House Into 'Home'

LGBT Realtors Reflect On What It Means To Make A Home

BY EMELL DERRA ADOLPHUS

While some houses may be sold on features alone (pool, garage, backyard), it takes a realtor to sell a "home," says Christopher Ayers of Shain Park Realtors in Birmingham.

"A house is a place people purchase when they want to invest for their future. A home is a place the people make once they start their lives," says Ayers, 32. "The 'home' is the place they build together and use to start the next chapter."

The realtor's job responsibility, he explains, is to help people see that next chapter. And part of that is clearing the clutter so the buyer, or seller, can dream.

"Each situation is a little different," Ayers says, in terms of staging a home to be viewed. "If it is one of my listings and I can get in ahead of the showing, I will get to the home earlier to prepare. I will then open all the blinds and window treatments, turn on all lights, light candles and air out the home. Homes show best when they are bright and airy."

Ayers has been a realtor for 13 years, but he explains his talent for making people feel at home came at an early age.

"I've known since I was 10 years old I wanted to be in real estate," he says. "When I was a child my parents had our family home for sale. An agent scheduled an appointment to show our home. The agent didn't show up, but their client did show up. I decided to let them in and give them a tour of our house. They ended up (buying) our home!"

The relationship between realtor and client can become very personal, explains Ayers, with the realtor acting as a trusted source in helping them find the perfect space. So it's always important as a realtor to quickly learn what people want in a home: "Open floor plan with entertaining space, three bedrooms, two baths, basement, garage and big backyard." And they don't want "oversized homes," he says. "People are looking for much more manageable homes."

An added advantage to being an LGBT-friendly realtor, he says, is to be someone other LGBT clients can relate to on a personal level.

"Being an openly gay man and realtor, I believe it's truly important to be in a personal and business relationship with someone that can relate to all things a person may know, feel or think about while making the largest purchase in a person's lifetime," says Ayers.

"The most rewarding aspect of my job as a realtor is seeing the smiles on my clients' faces and knowing that I helped them with probably one of the biggest decisions that they'll ever have to make in their entire lives," says Jim Powell of Powell Real-Eastate in Ferndale. "That's the reason why I wake up every morning."

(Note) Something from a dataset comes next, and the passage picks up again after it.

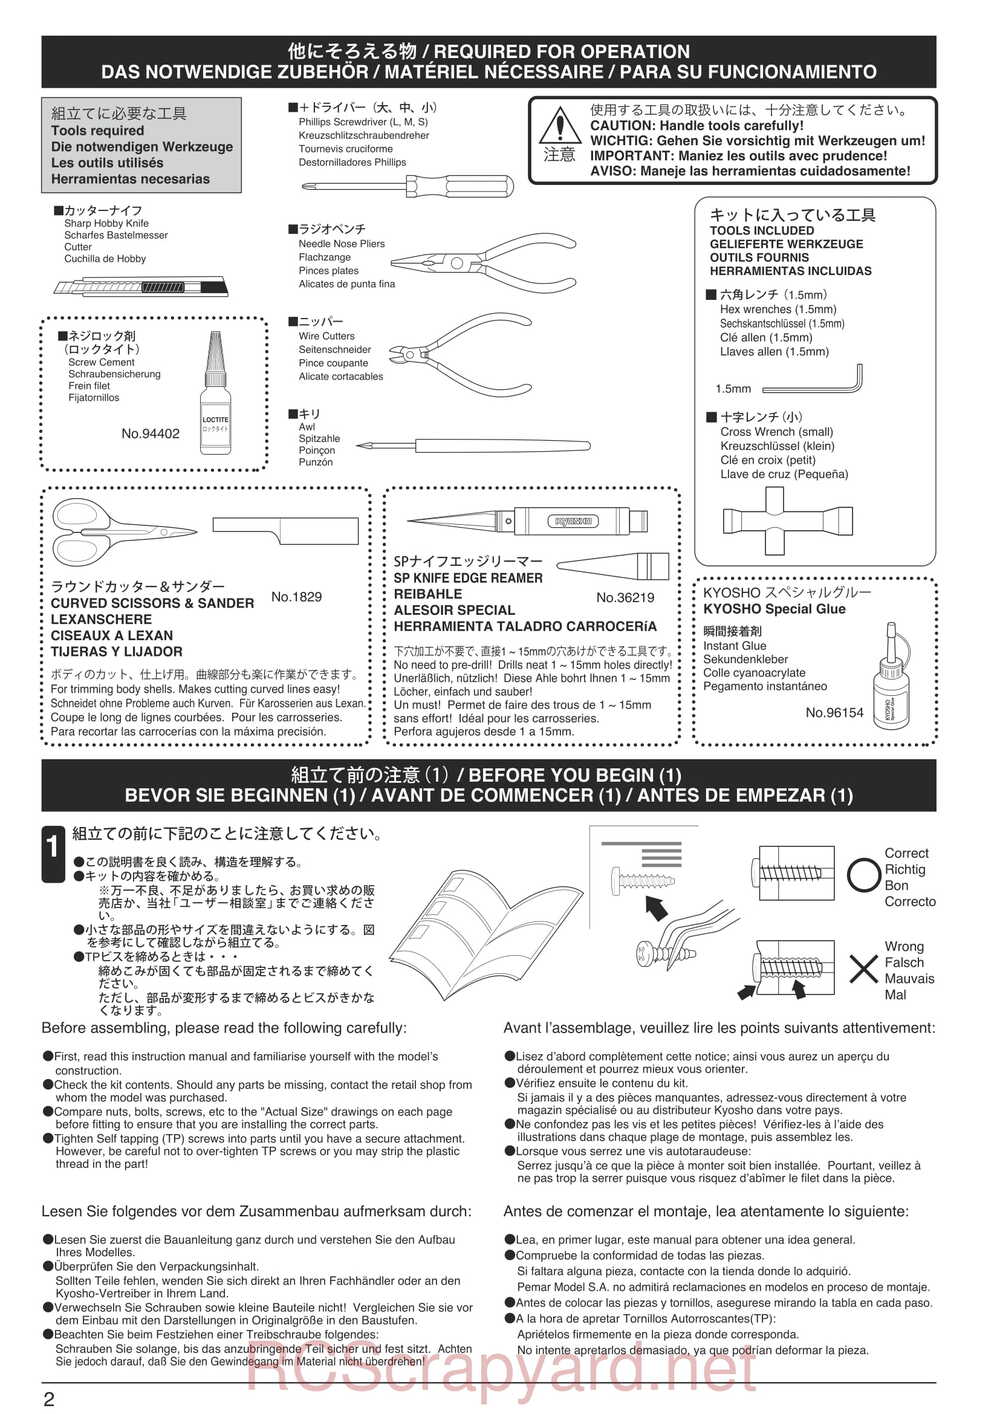 Kyosho - 30912 - EP Fazer Rally - Manual - Page 02

Helping people make good decisions started at an early age, Powell explains.

"Back when I was a kid, I'd play Monopoly by myself. I'd set up four players and go about the table and make the best decision for that player. I could never understand why I loved that game so much when I was a kid. I just knew I did. Now as an adult, it makes perfect sense to me."

And to Powell, home starts with the house's bones.

"Good 'bones,' making sure that the structure is safe, updating electrical and plumbing, etc. Then of course, adding your own touches (like) paint, flooring, decorating," he says.

The healthiness of a home's bones could be the difference between a client falling in love or feeling heartbreak, says James Cristbrook of Shain Park Realtors.

"One of the most difficult things that a realtor must do is separate a buyer's emotion from his or her financial decision making," says Cristbrook, 52, explaining that this sometimes includes purchasing a home that turns out to be a money pit. "The 'perfect' home is a balanced combination of lifestyle needs, wants and desires and a sound financial investment."

To meet this need, it is important to find a realtor you can trust says Cristbrook.

"Buyers and sellers should be confident that their best interests are being represented and that their realtor is competent and qualified," he says. "The purchase and sale of real estate is almost always the most expensive item an individual will ever buy or sell. Representation should reflect the client's own ideals and lifestyle in order to best serve their needs."

And when you find the right realtor to find you the right home, the person can feel like your hero.

"My son once told me when he was about 8 years old that he thought I was a hero because I helped people find a warm, happy place to live that would shelter them from the rain and cold. And when they move into that home, they create wonderful memories, celebrate holidays, raise their families, share meals and sleep safely," says Cristbrook. "That's a pretty cool thing to be able to accomplish for the hundreds of people I have represented. Who wouldn't love doing all of that?"